Dabbling in a digital-currency exchange, shared office spaces and booze, a British man’s somewhat hackneyed start-up visions disguised a $36 million fraud, U.S. prosecutors say.

MANHATTAN (CN) — With prosecutors bursting his Silicon Valley bubble, a British entrepreneur’s tech-friendly enterprises could land him a decades-long stint in a U.S. federal prison.

The start-up companies on Renwick Haddow’s portfolio would strike a familiar chord to anyone with a passing knowledge of the e-commerce or sharing economies.

Bitcoin Store purported to be an exchange to buy and sell the online digital currency.

Bar Works billed itself as a place to convert restaurants and bars into shared office spaces.

Though perhaps not the most original ideas, investors poured roughly $36 million into Haddow’s brainchildren through the self-styled crowdfunding portal InCrowd Equity for nearly three years, prosecutors say.

As U.S. prosecutors unsealed criminal charges against him Friday in Manhattan, however, 48-year-old Haddow’s dreams of tech fortune came crashing down.

“As alleged, Renwick Haddow misled investors about critical facts, including the performance and operations of companies he controlled,” Acting U.S. Attorney Joon Kim said in a statement.

Prosecutors note that U.K. regulators disqualified Haddow in 2008 from serving as a director of any company registered in his country — a punishment for having made misleading statements about the financial health of a now-insolvent business.

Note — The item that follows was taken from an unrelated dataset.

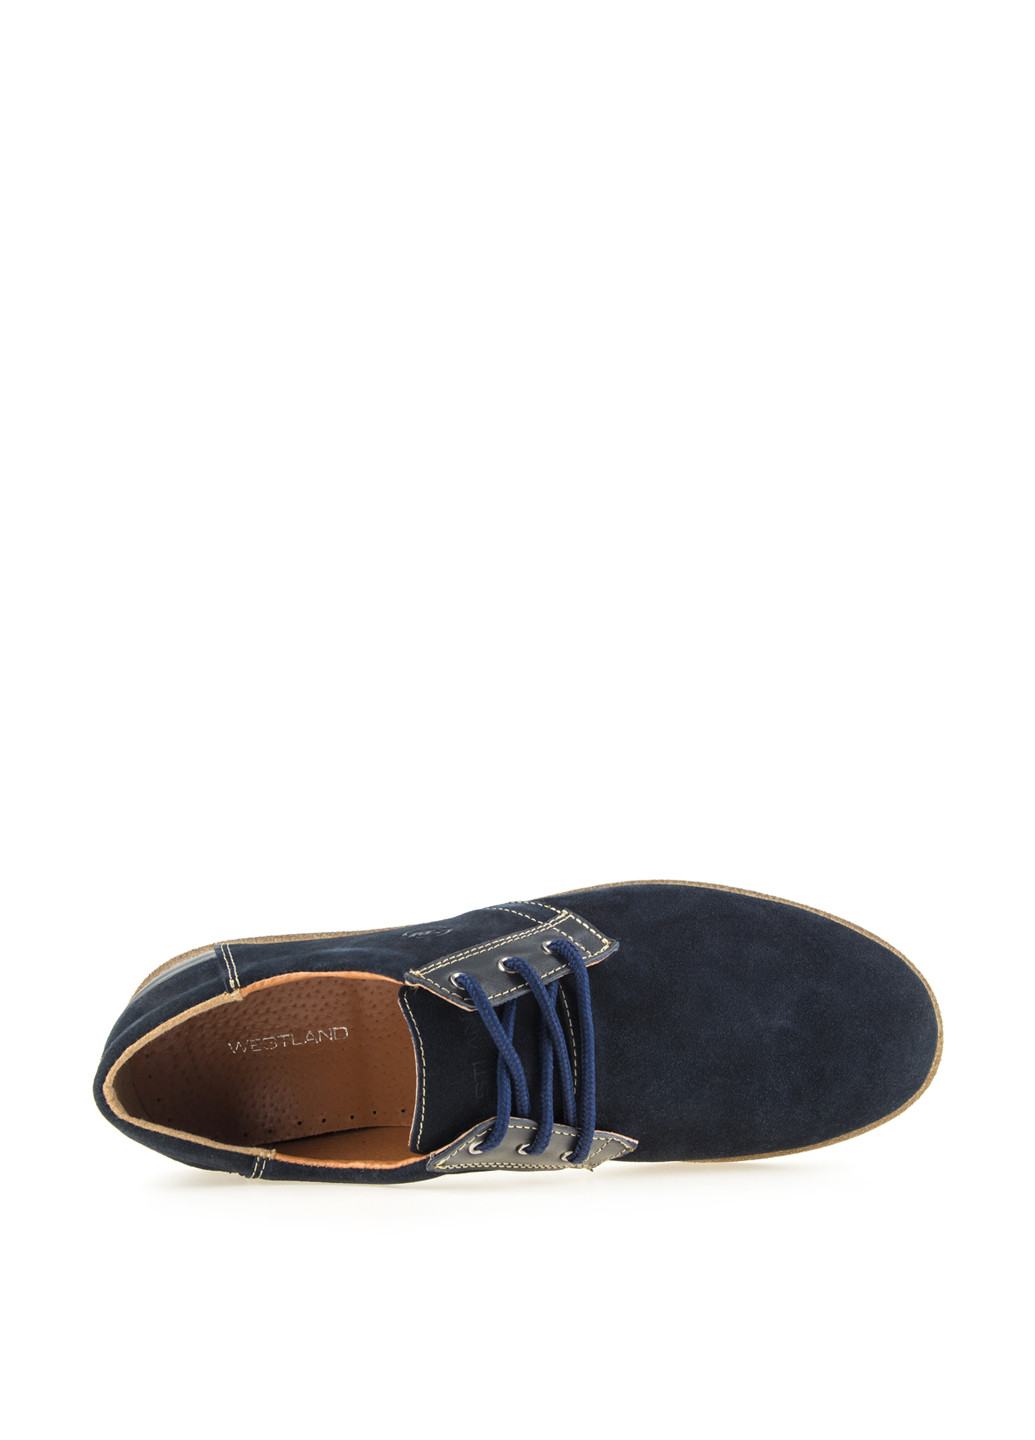 Темно-синие спортивные туфли Westland на шнурках

Upon relocating to New York in late 2014, according to the complaint, Haddow began issuing promotional materials under an alter ego as the self-styled CEO of Bar Works.

“These materials, frequently signed by ‘Jonathan Black,’ often described Black's purported experience as ‘finance director/financial controller of two chains of bars in the U.K. (Regent Inns PLC — market value US$400m)’ and touted his role in setting up ‘a number of new ventures, including recently ‘Car Share,’ a car sharing app,” the 16-page complaint states.

Saying the scheme lasted from November 2014 to June 2017, prosecutors say Haddow transferred Bar Works investment money to bank accounts in more than 40 countries, including China, Cyprus, Morocco, Mauritius, Kuwait, Lebanon, Poland, Thailand, and Turkey.

Haddow could face up to 20 years in prison if convicted of two counts wire fraud.

The Securities and Exchange Commission brought a parallel case against Haddow in Manhattan as well, noting that it obtained an emergency asset freeze on Haddow’s assets, including real estate he bought for Bar Works on Seventh Avenue in Manhattan and at 615 Sacramento St. in San Francisco.

The SEC’s New York director Andrew Calamari remarked that Haddow’s “trendy companies” were not what they seemed.

“In reality, Haddow controlled the companies from behind the scenes and they were far from profitable,” Calamari said in a statement.

Haddow’s attorney Edward Little, a partner at the New York office of Hughes Hubbard & Reed, has not responded to an email sent outside business hours.